*** Opening RECORDED DATA ***

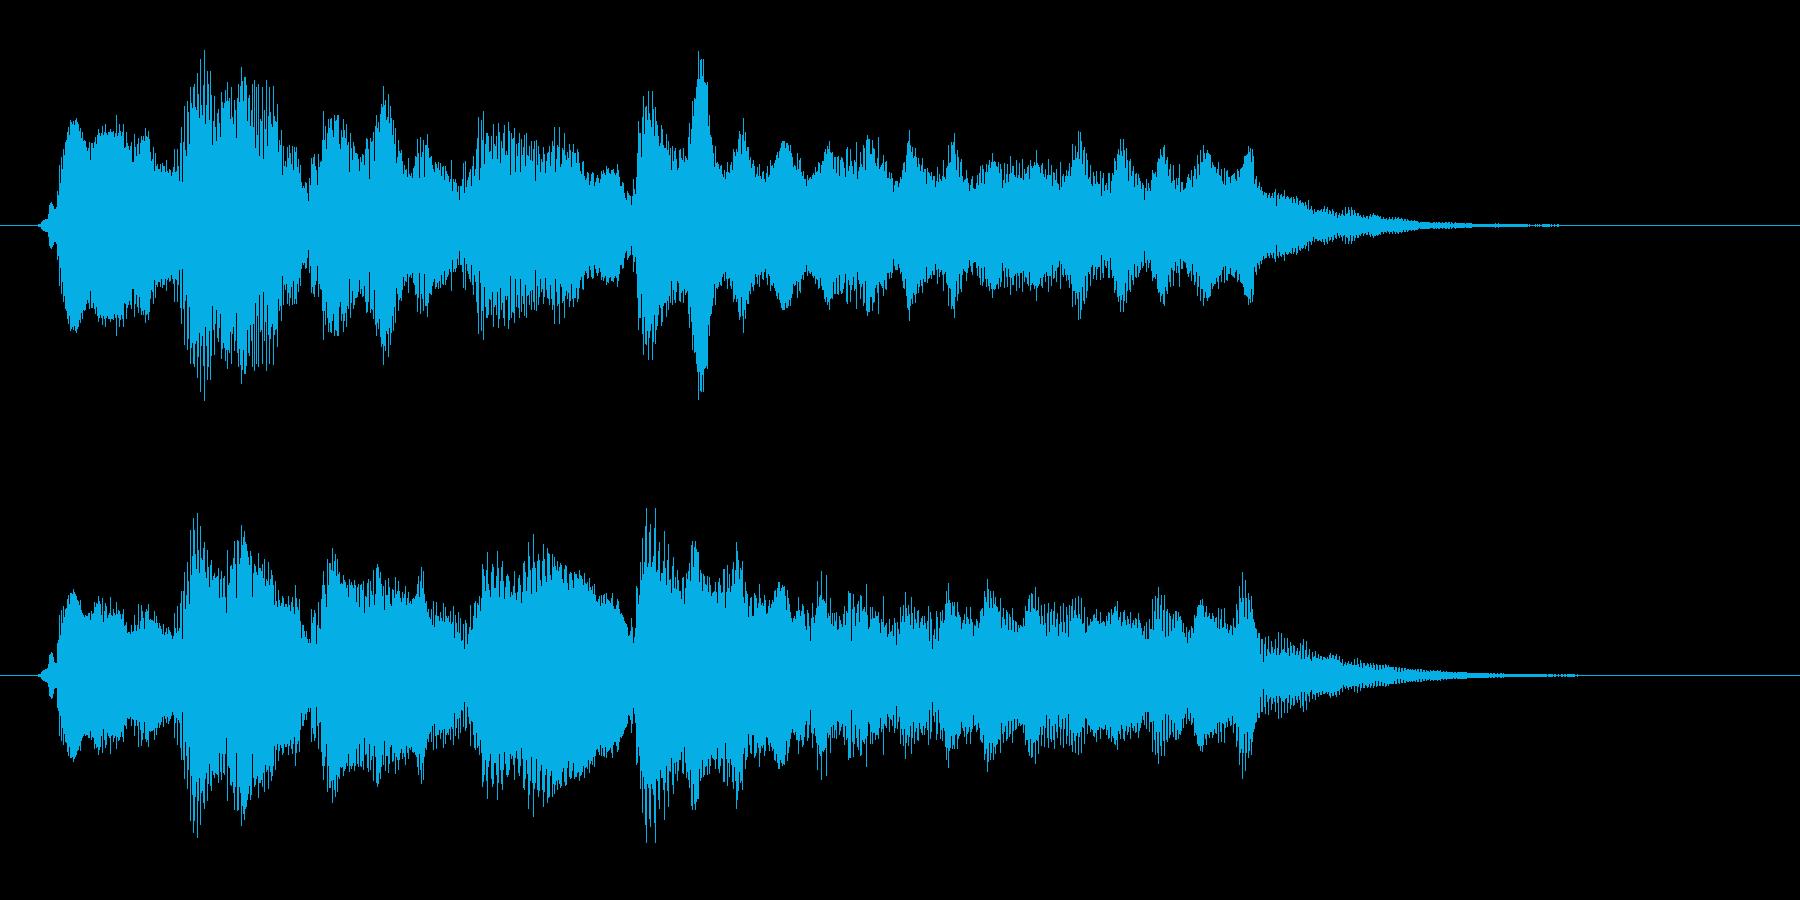 ゲームオーバー 安らぎの再生済みの波形
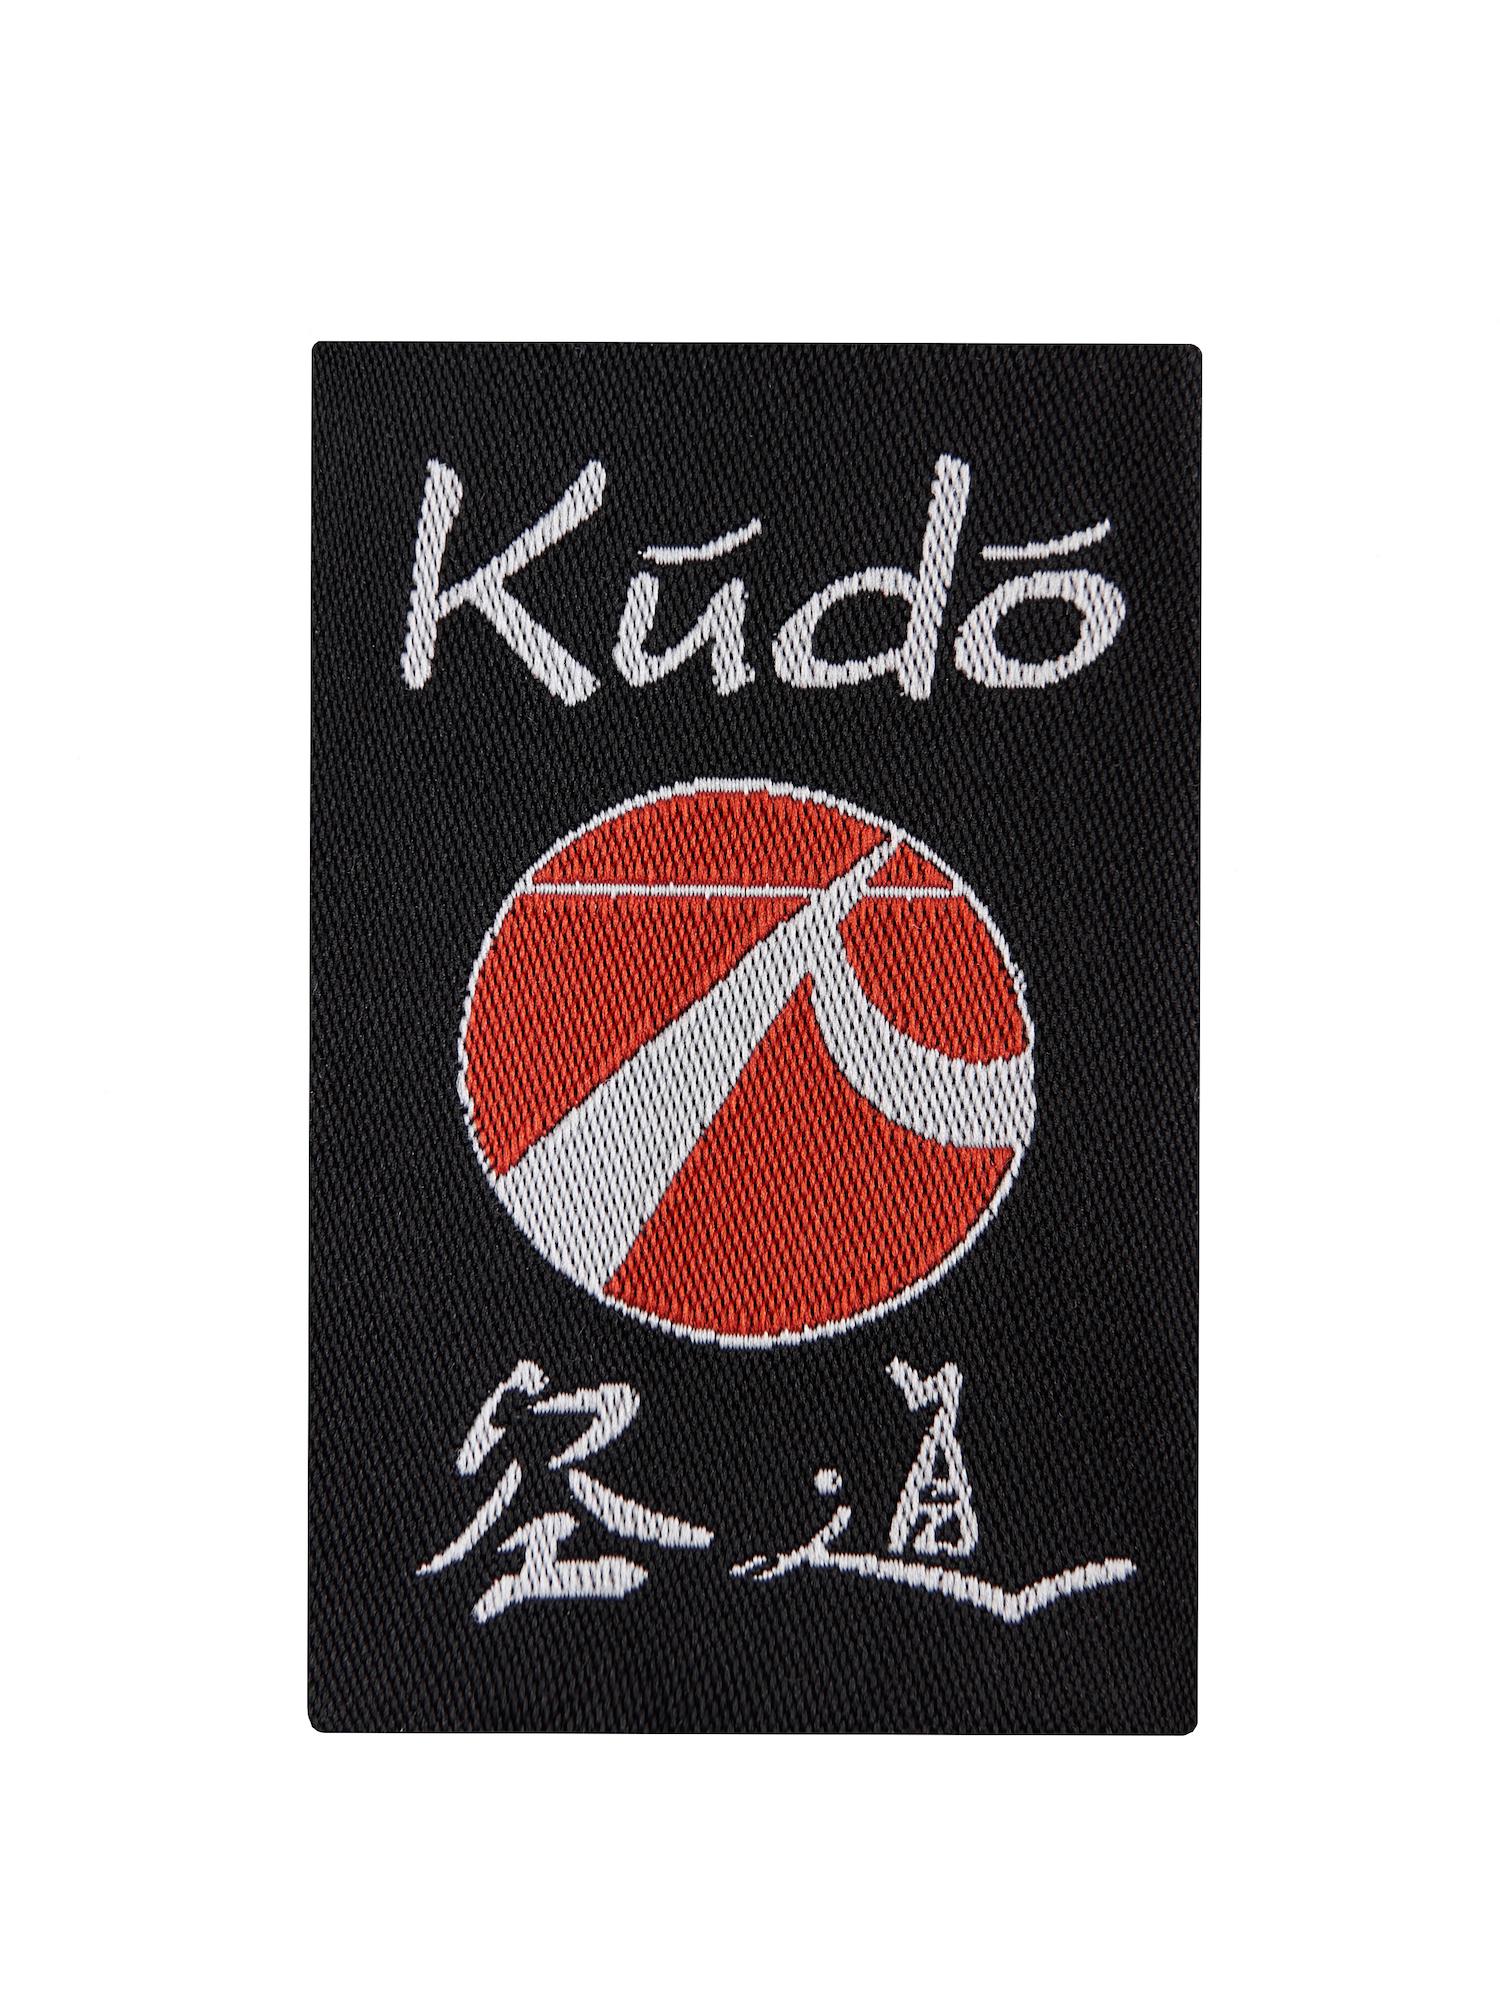 Аксессуары (брелки, шевроны, нашивки) Нашивка KUDO IP-24.jpg
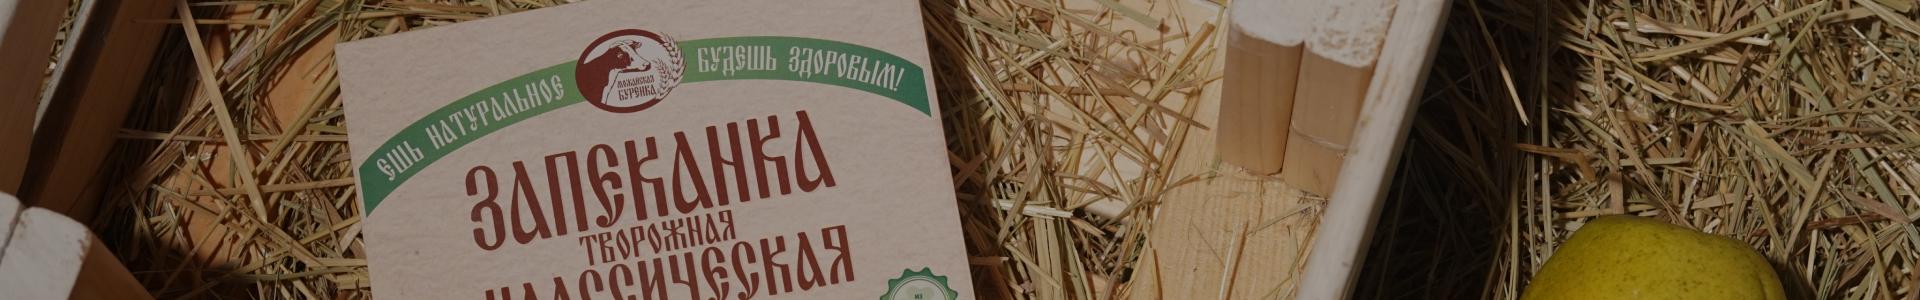 Можайская Буренка - Новости компании
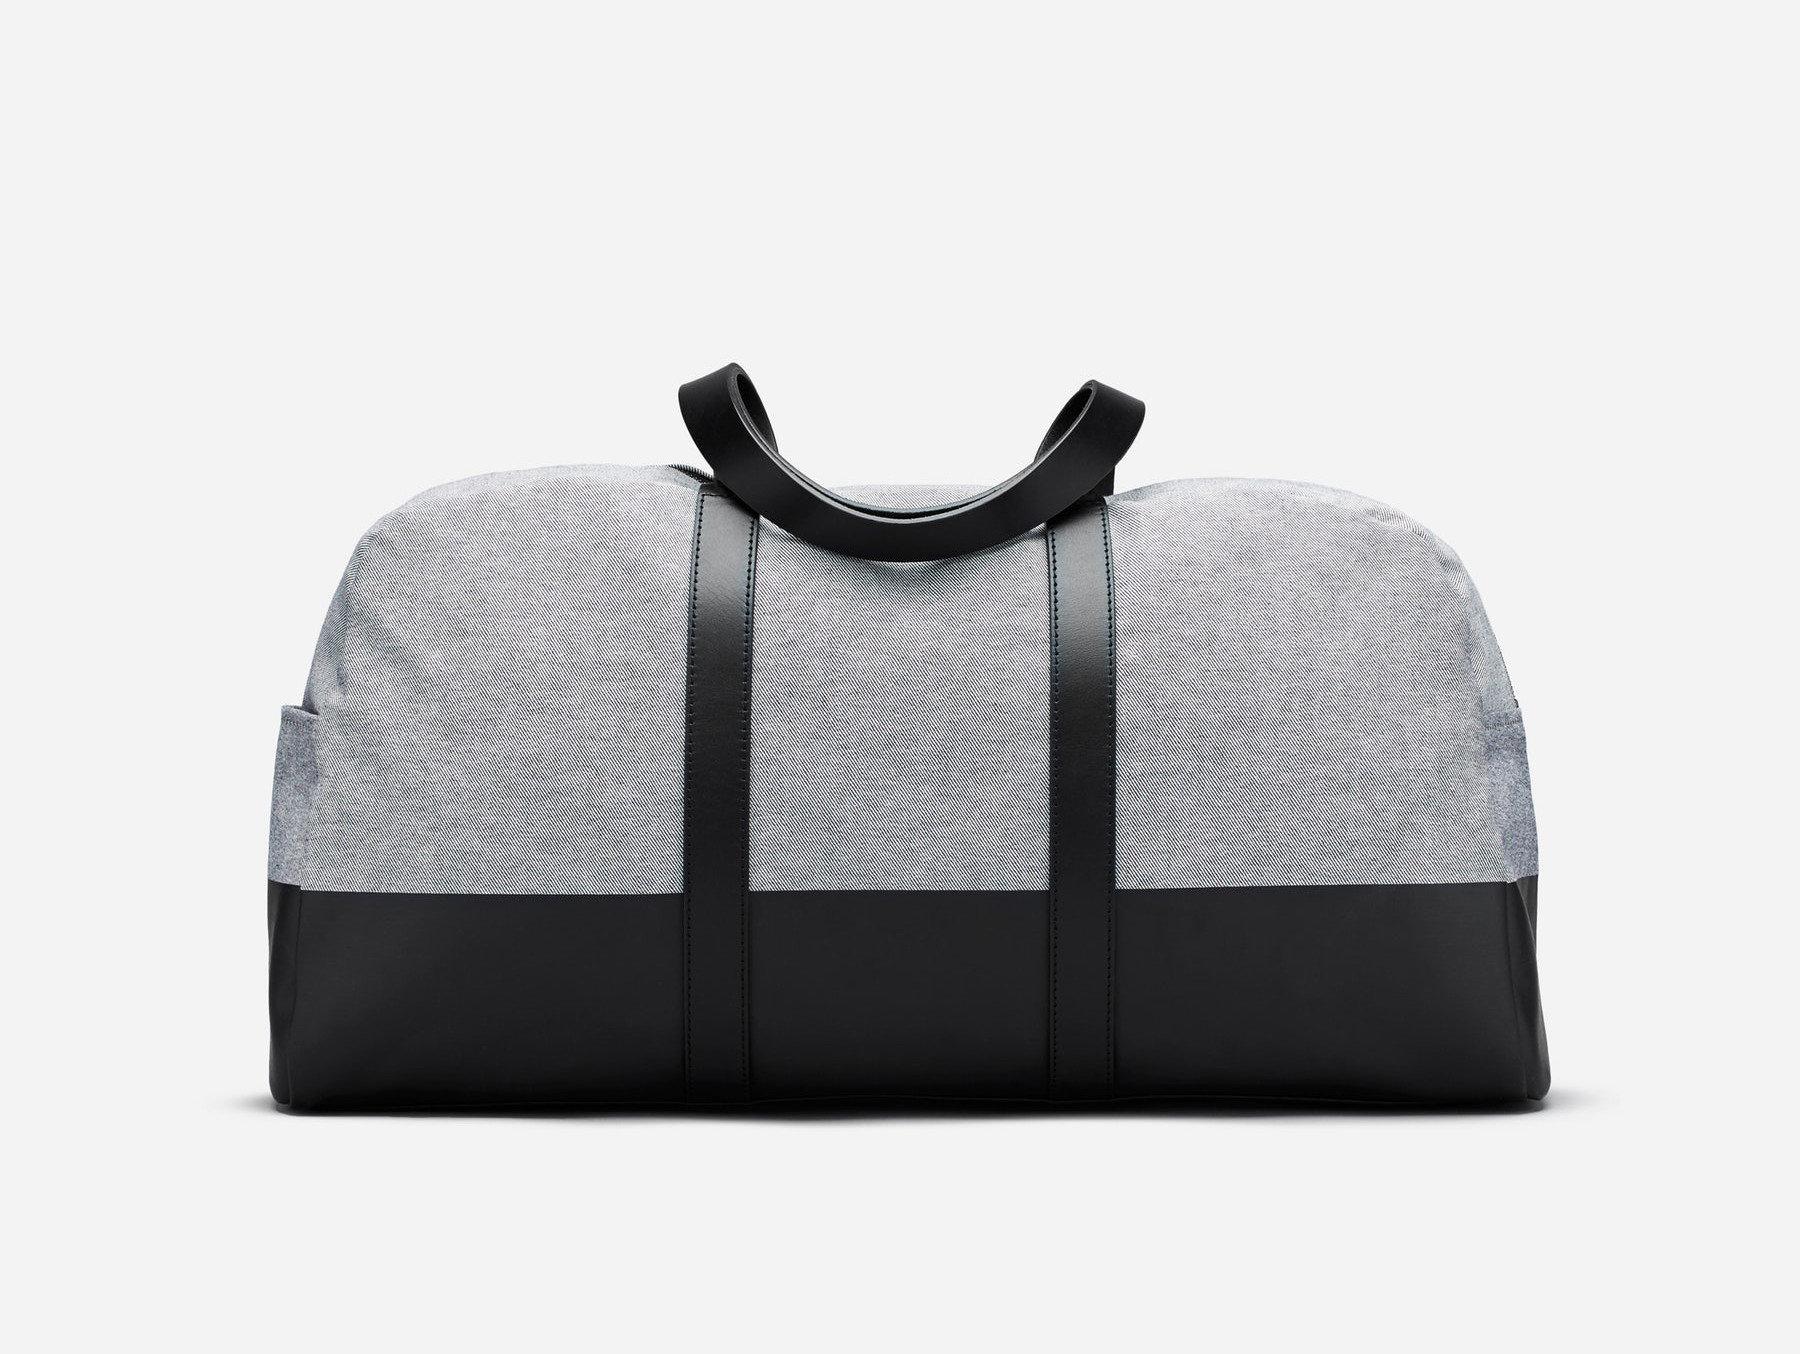 Style + Design Travel Shop bag white black product handbag product design brand shoulder bag

*** Closing RECORDED DATA ***

With the pictures omitted, copy exactly the lines from the line that contains "Можайская Буренка - Новости компании" through the end of the material.

▸ ANSWER AREA
 Можайская Буренка - Новости компании
 Style + Design Travel Shop bag white black product handbag product design brand shoulder bag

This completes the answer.